I have 2 of these cameras and 2 Kodak SLR/N cameras.

I was fascinated by them for a while and bought a bunch of mint ones cheap. I was able to shoot full frame with my Nikkors long before Nikon came out with a full frame DSLR.

They have similar sensors to the Leica M9, and, with very careful technique, can produce magnificent images.
 
The Kodak DCS14 series used a CMOS sensor with analog outputs, made by Fillfactory. Many of the Fillfactory people went on to setup CMOSIS, Cypress bought Fillfactory. The 14MPixel full-frame CMOS sensor was sold for many years after the DCS-14 went out of production, you could order it and the development kit from DigiKey. I suspect a full-frame CCD would have been cost prohibitive. The DCS-460c was over $25K when introduced, had a 1.3x crop factor. The DCS760 was the last DSLR that they made with a Kodak CCD- also 1.3x Crop Factor. I downloaded the long Datasheet for the 14MPixel Fillfactory sensor, before it was taken out of production- if anyone wants it. I have a collection of datasheets, including the KAF-10500 and KAF-18500 used in the M8 and M9, respectively.

Interesting- the DCS14 series uses the same S8612 IR glass that suffers from the corrosion problem of the M9 and M Monochrom.

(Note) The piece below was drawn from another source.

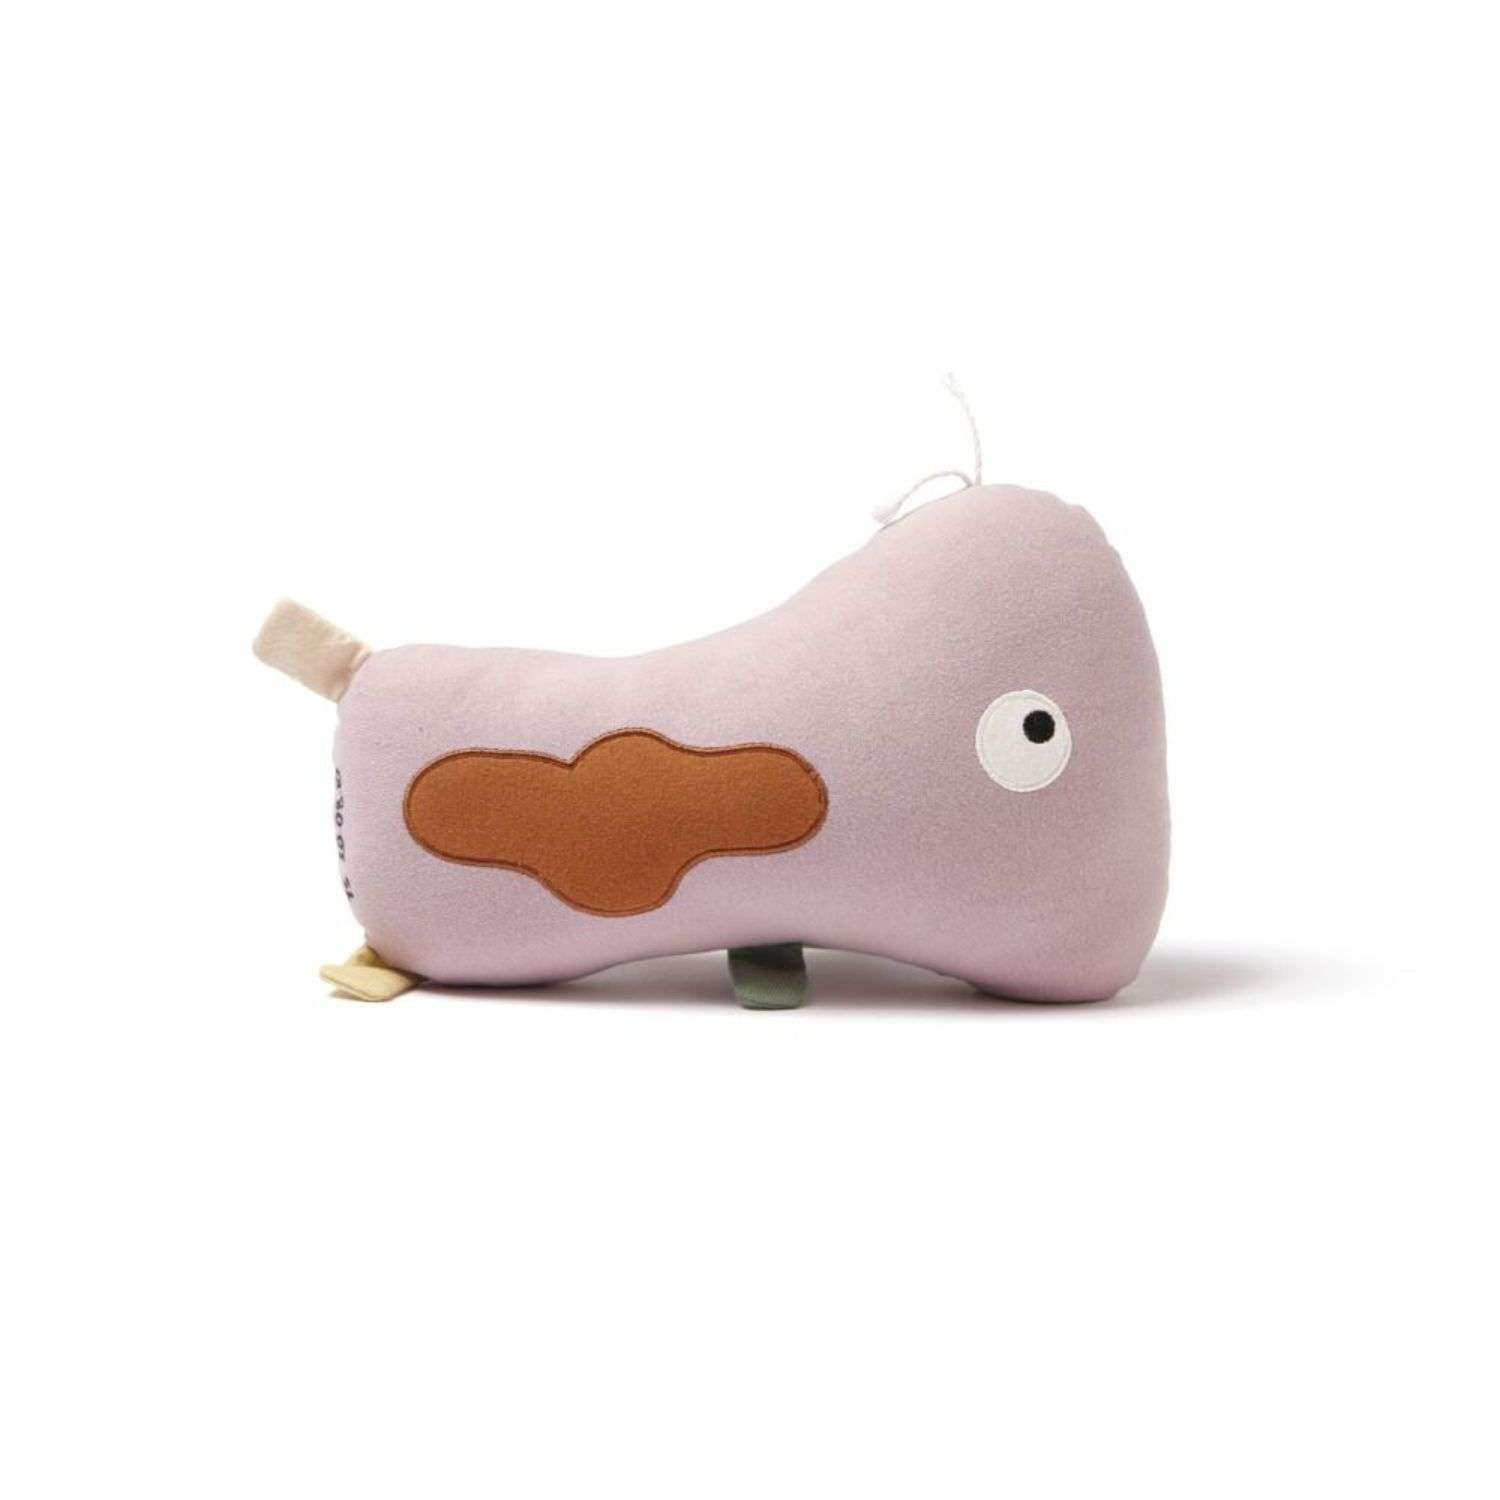 Мягкая игрушка Kids concept Микроб LaCilla розовая - фото 2

I was using Firewire with my Pentium III Tower and Dell Inspiron 8000 Laptop to connecpt up with my Nikon D1x, bought a pair when they were first introduced. I have the very first IR DSLR sold my Kodak, made after calling them up and asking for it. I worked with Digital IR sensors throughout the 80s. I did a lot of the high-speed data acquisition systems for them, so high-speed transfer "was my specialty". I wrote a lot of assembly language code fine-tuned using an Oscilloscope to get every last clock cycle for image transfer and processing.